→ **RECORDS TO USE**:
* * * * * * * * *

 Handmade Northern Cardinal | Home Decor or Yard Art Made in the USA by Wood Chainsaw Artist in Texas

* * * * * * * * *

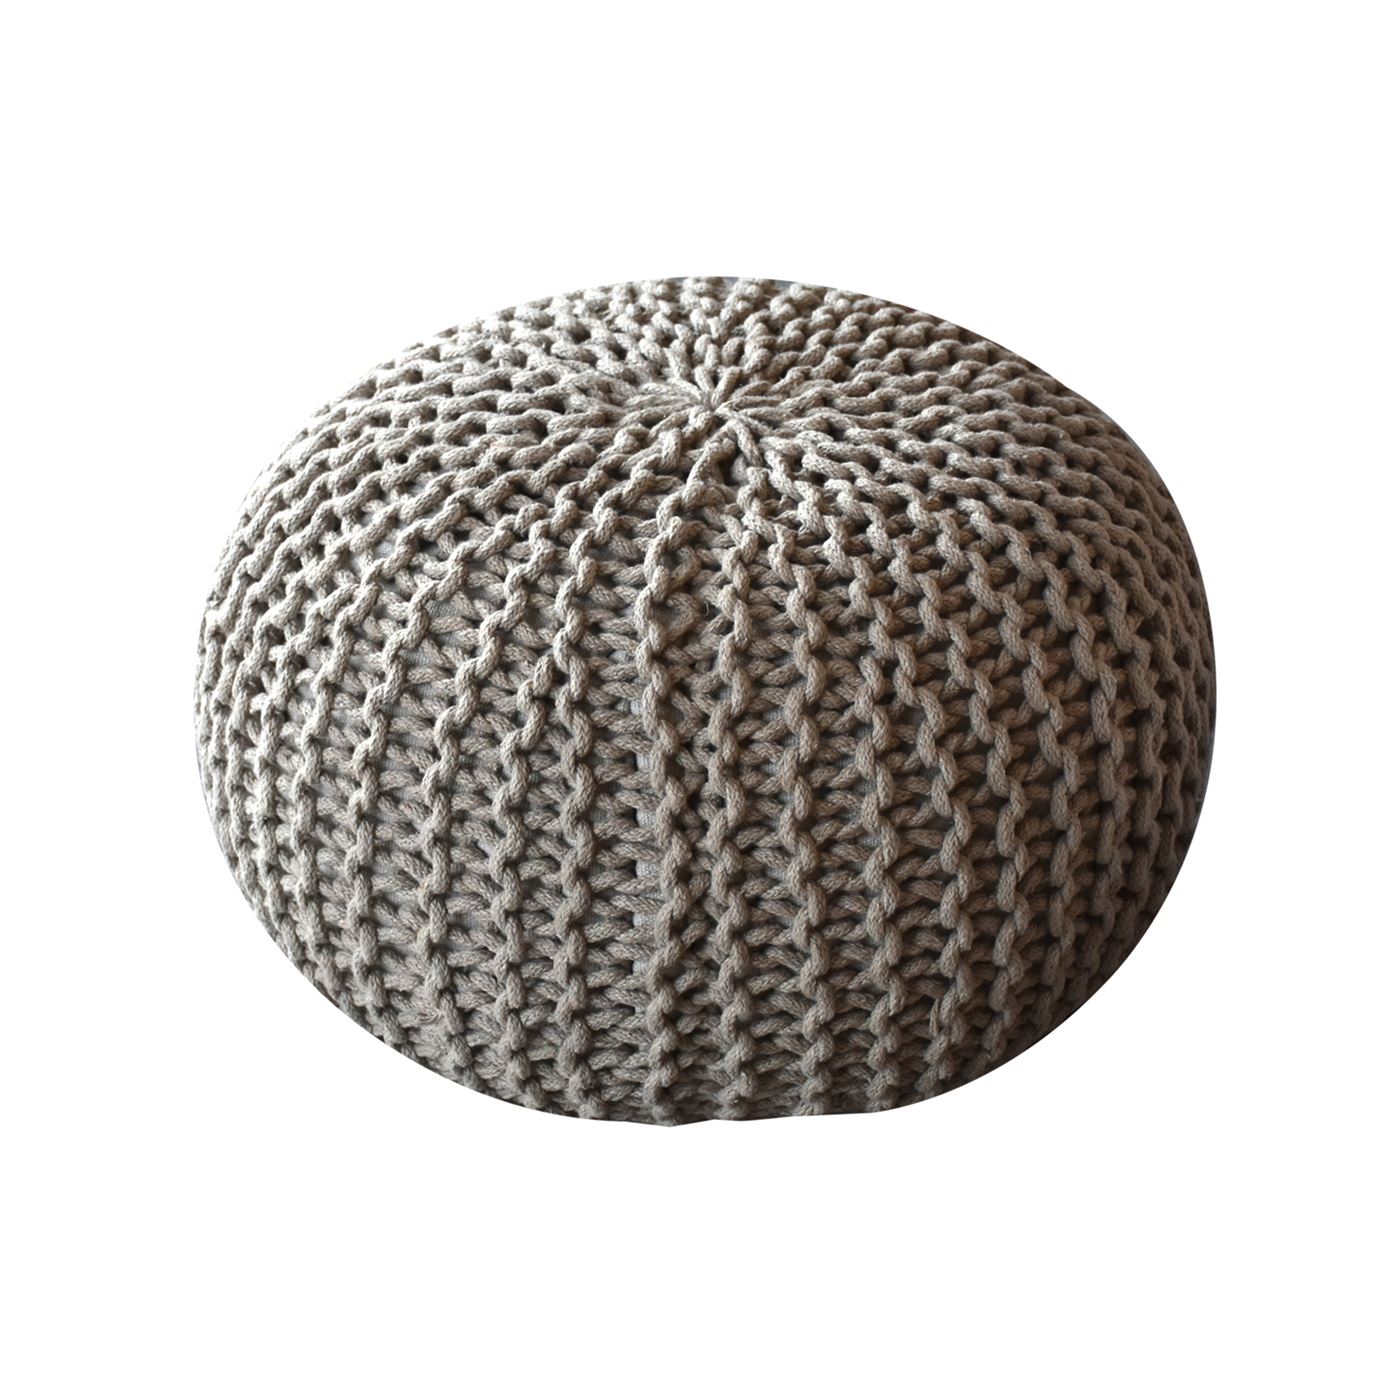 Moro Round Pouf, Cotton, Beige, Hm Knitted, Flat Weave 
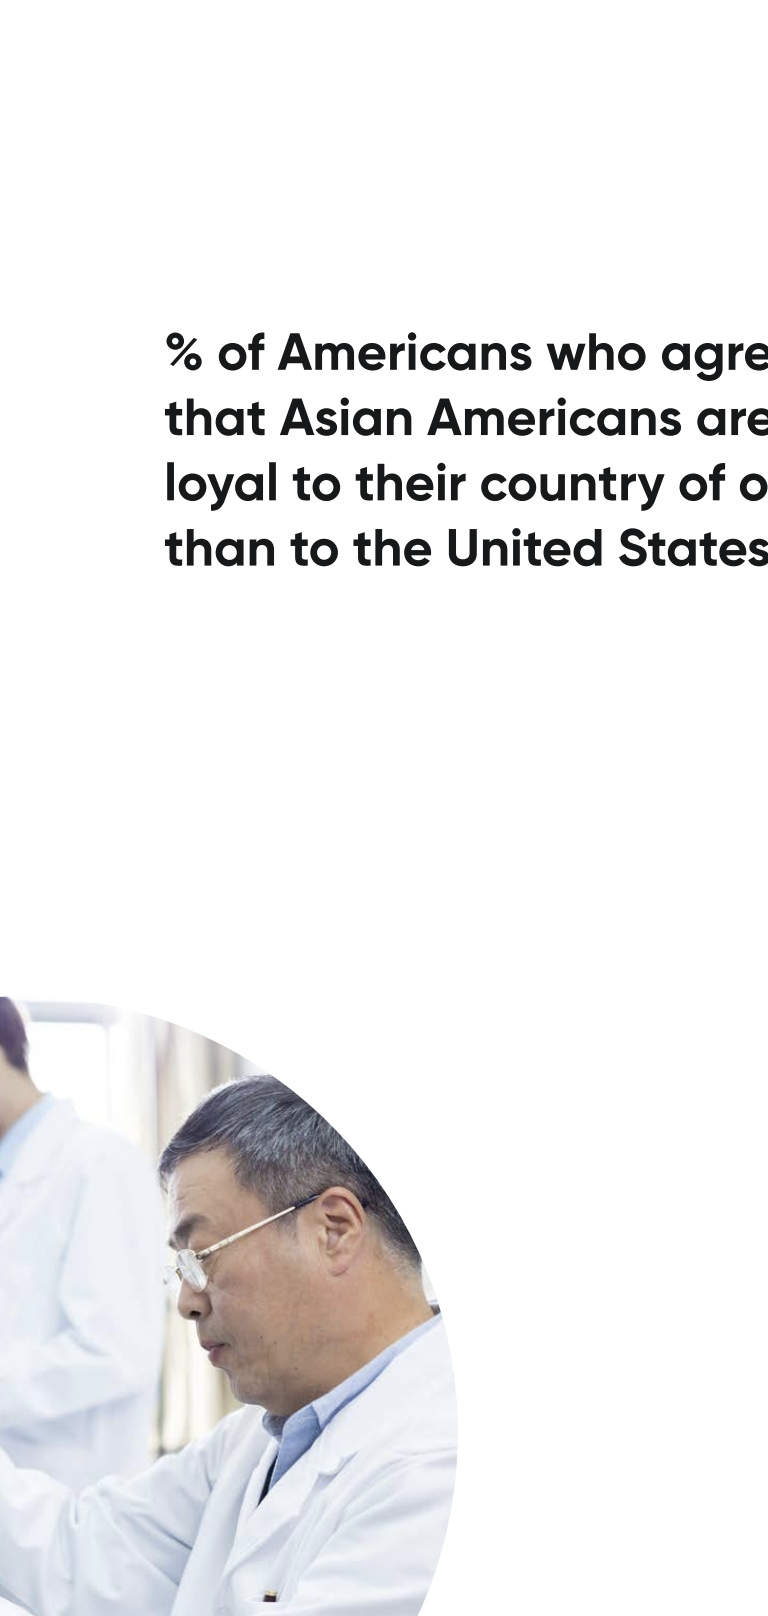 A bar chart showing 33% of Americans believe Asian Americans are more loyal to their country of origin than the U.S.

* * * * * * * * *

→ **YOUR INSTRUCTIONS**: Pictures are to be left out. Write out only the lines above starting at the one with "Moro Round Pouf, Cotton, Beige, Hm" and ending at the one with "A bar chart", both lines included, exactly.

→ **RESULT**:
 Moro Round Pouf, Cotton, Beige, Hm Knitted, Flat Weave 
 A bar chart showing 33% of Americans believe Asian Americans are more loyal to their country of origin than the U.S.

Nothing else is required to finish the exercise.